## Goal of the exercise
The whole listing that follows, pictures excepted, should be printed again exactly as given.

## Data provided
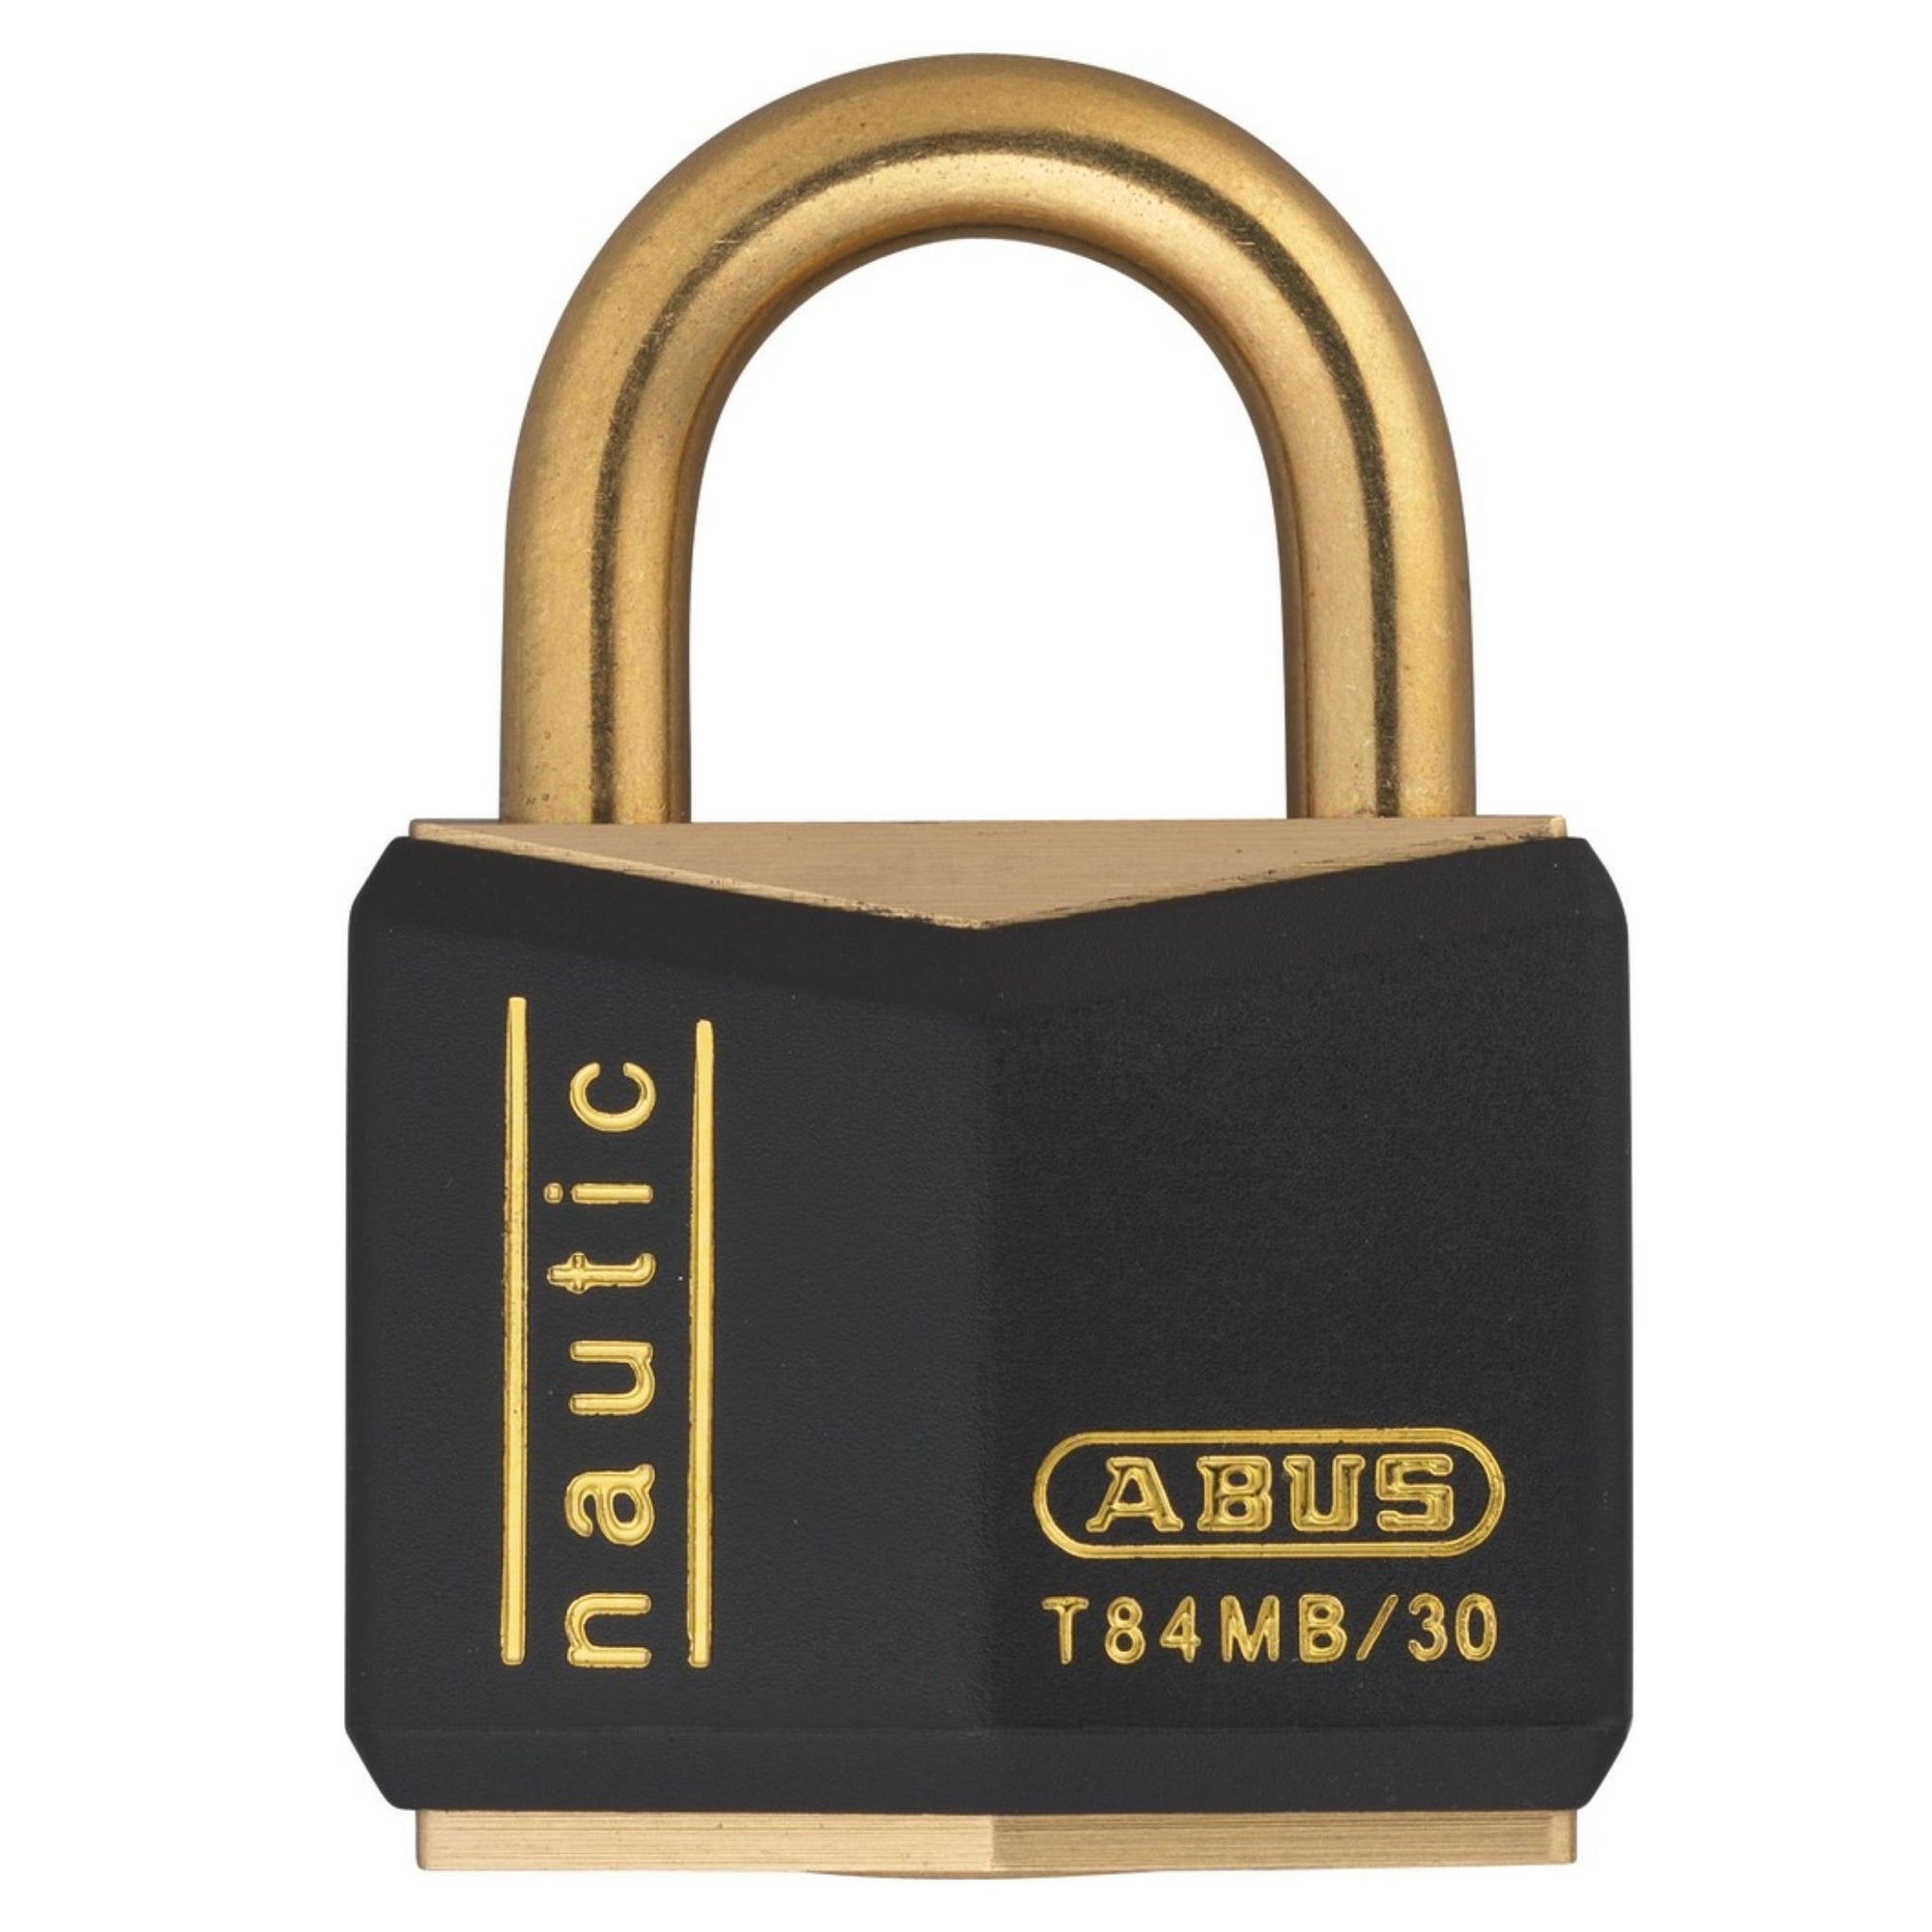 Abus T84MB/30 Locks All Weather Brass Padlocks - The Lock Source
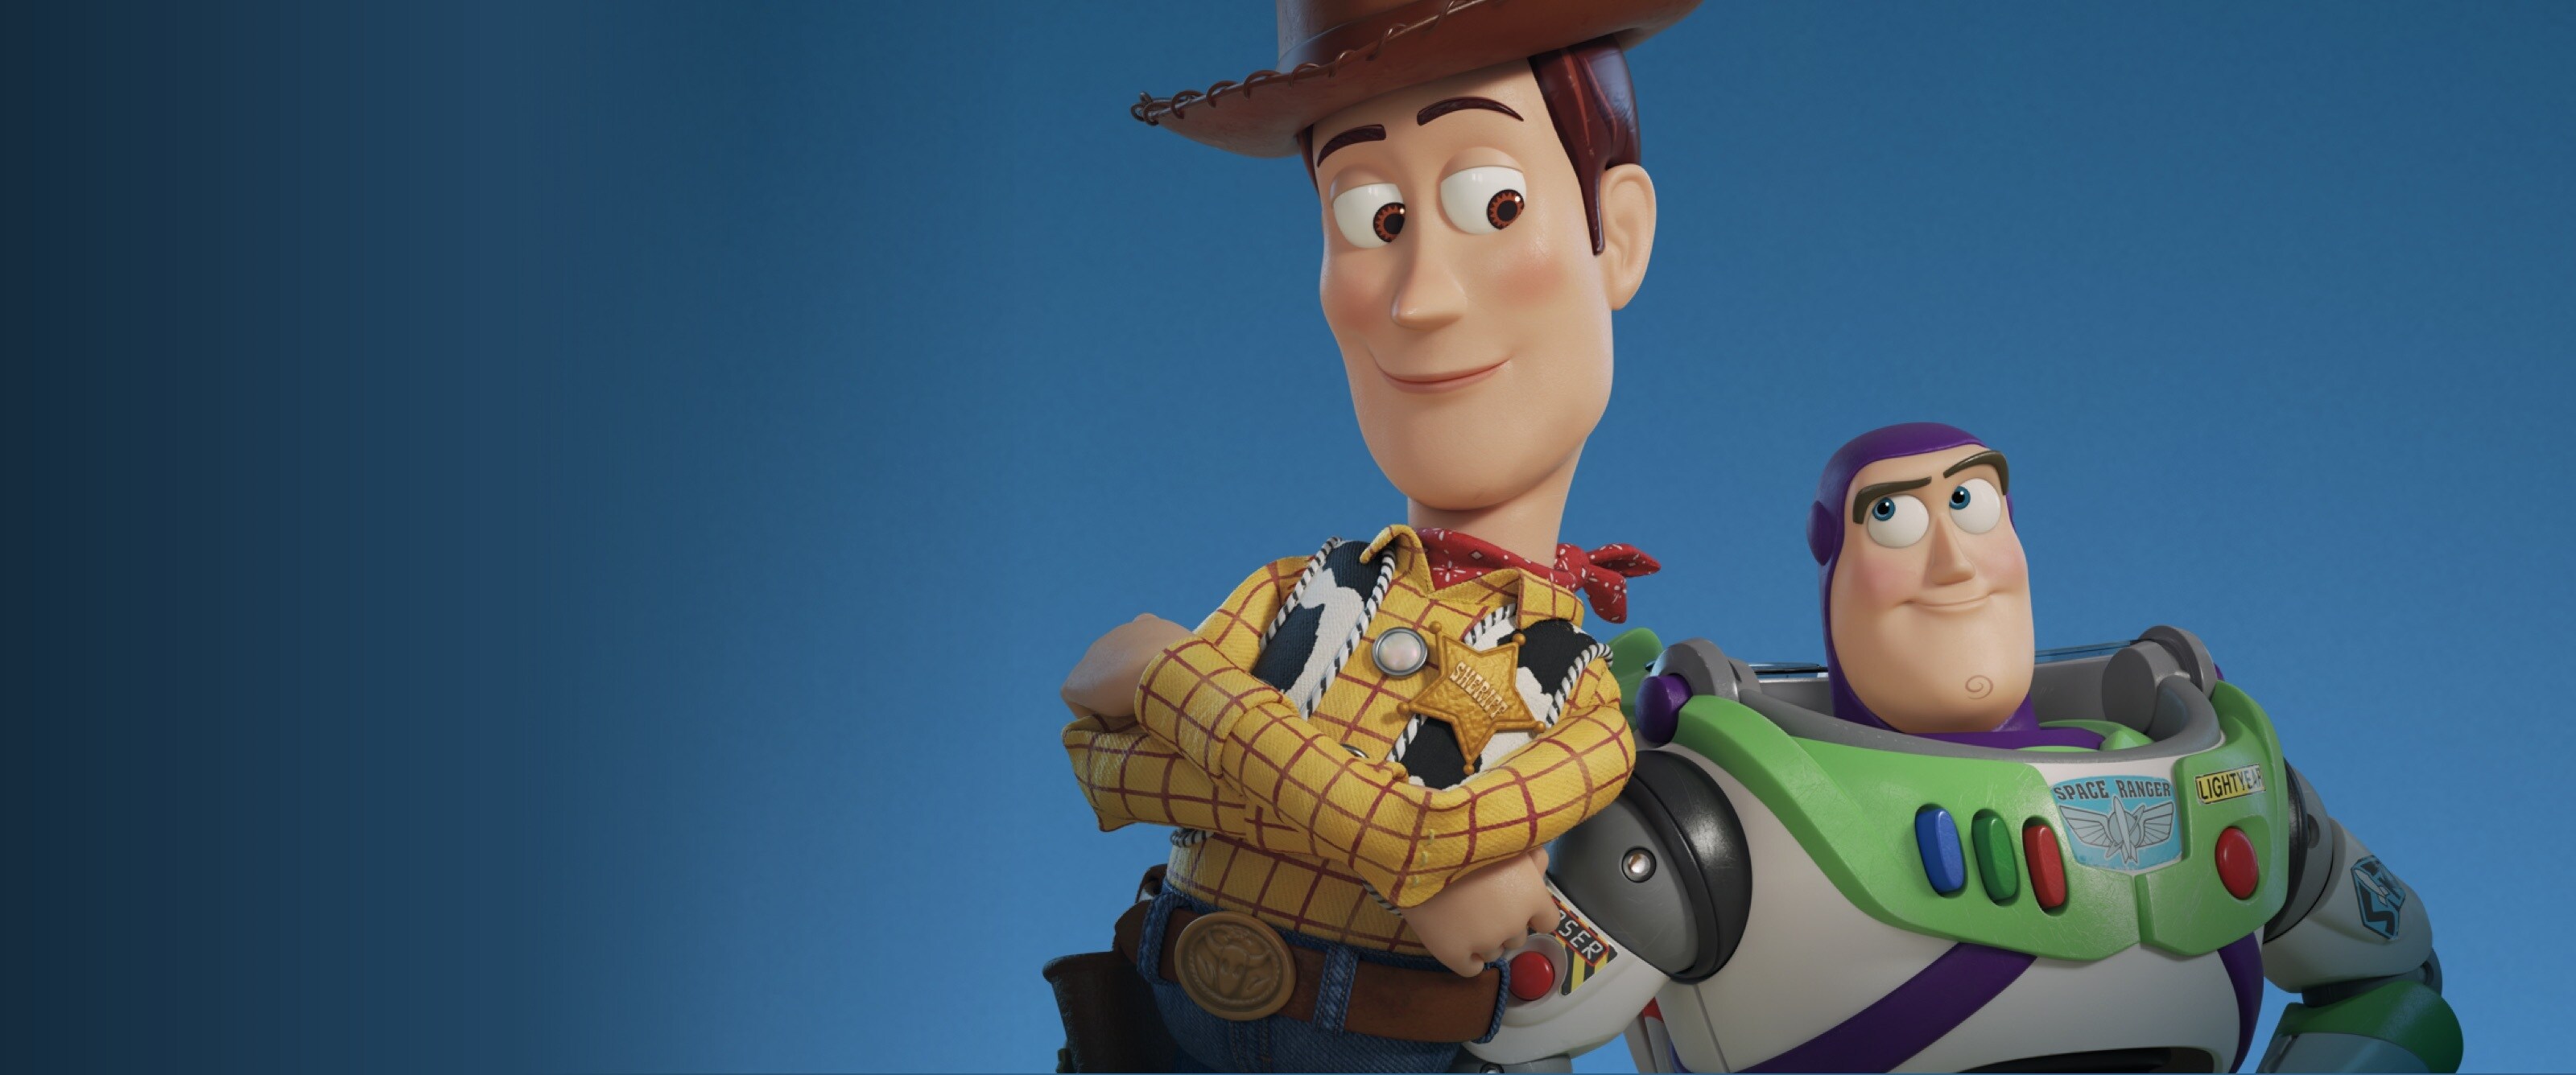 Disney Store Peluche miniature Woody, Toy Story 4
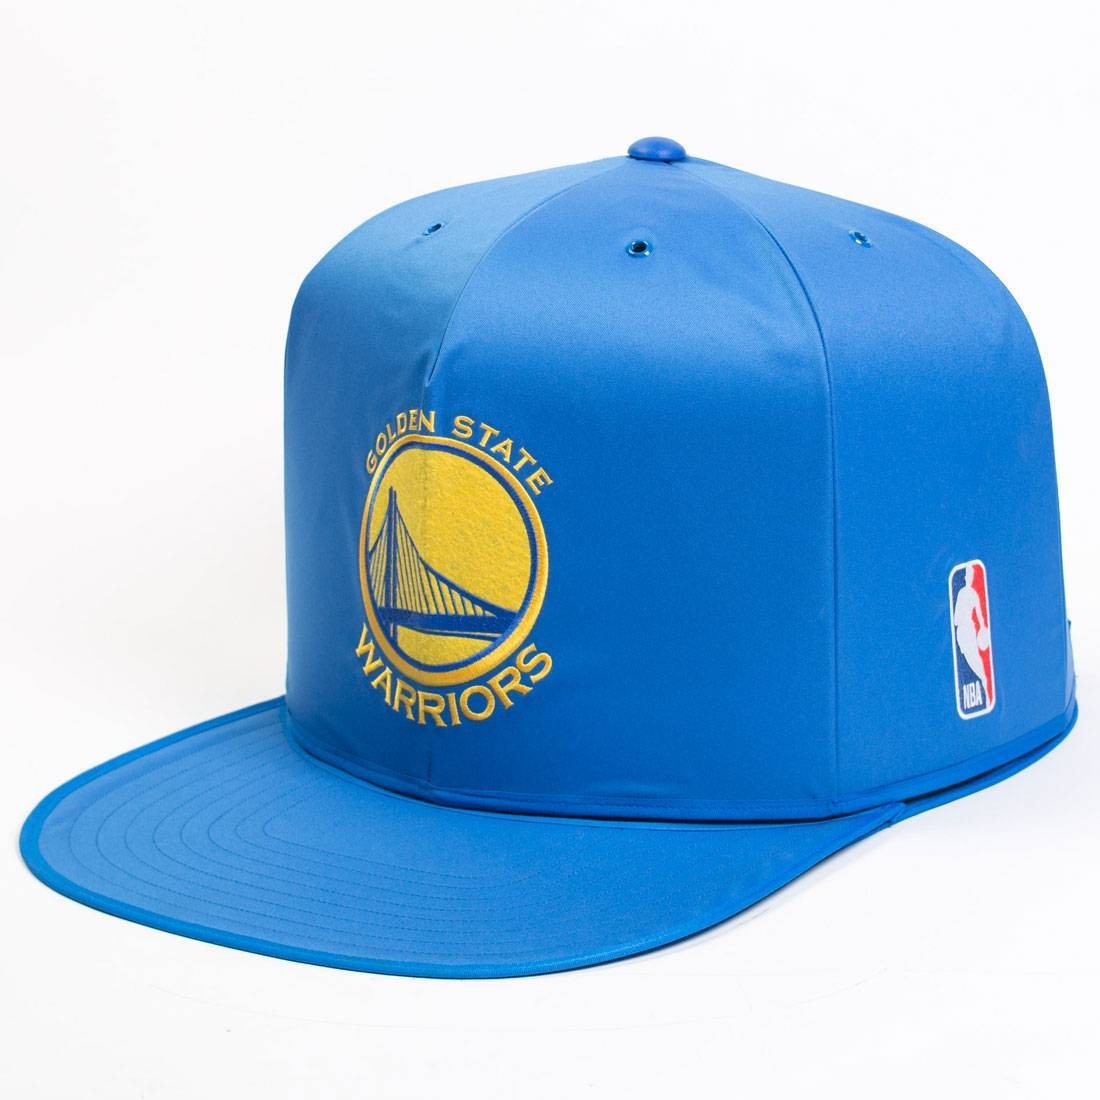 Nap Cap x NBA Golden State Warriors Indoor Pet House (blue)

## Written solution
 Abus T84MB/30 Locks All Weather Brass Padlocks - The Lock Source
 Disney Store Peluche miniature Woody, Toy Story 4
 Nap Cap x NBA Golden State Warriors Indoor Pet House (blue)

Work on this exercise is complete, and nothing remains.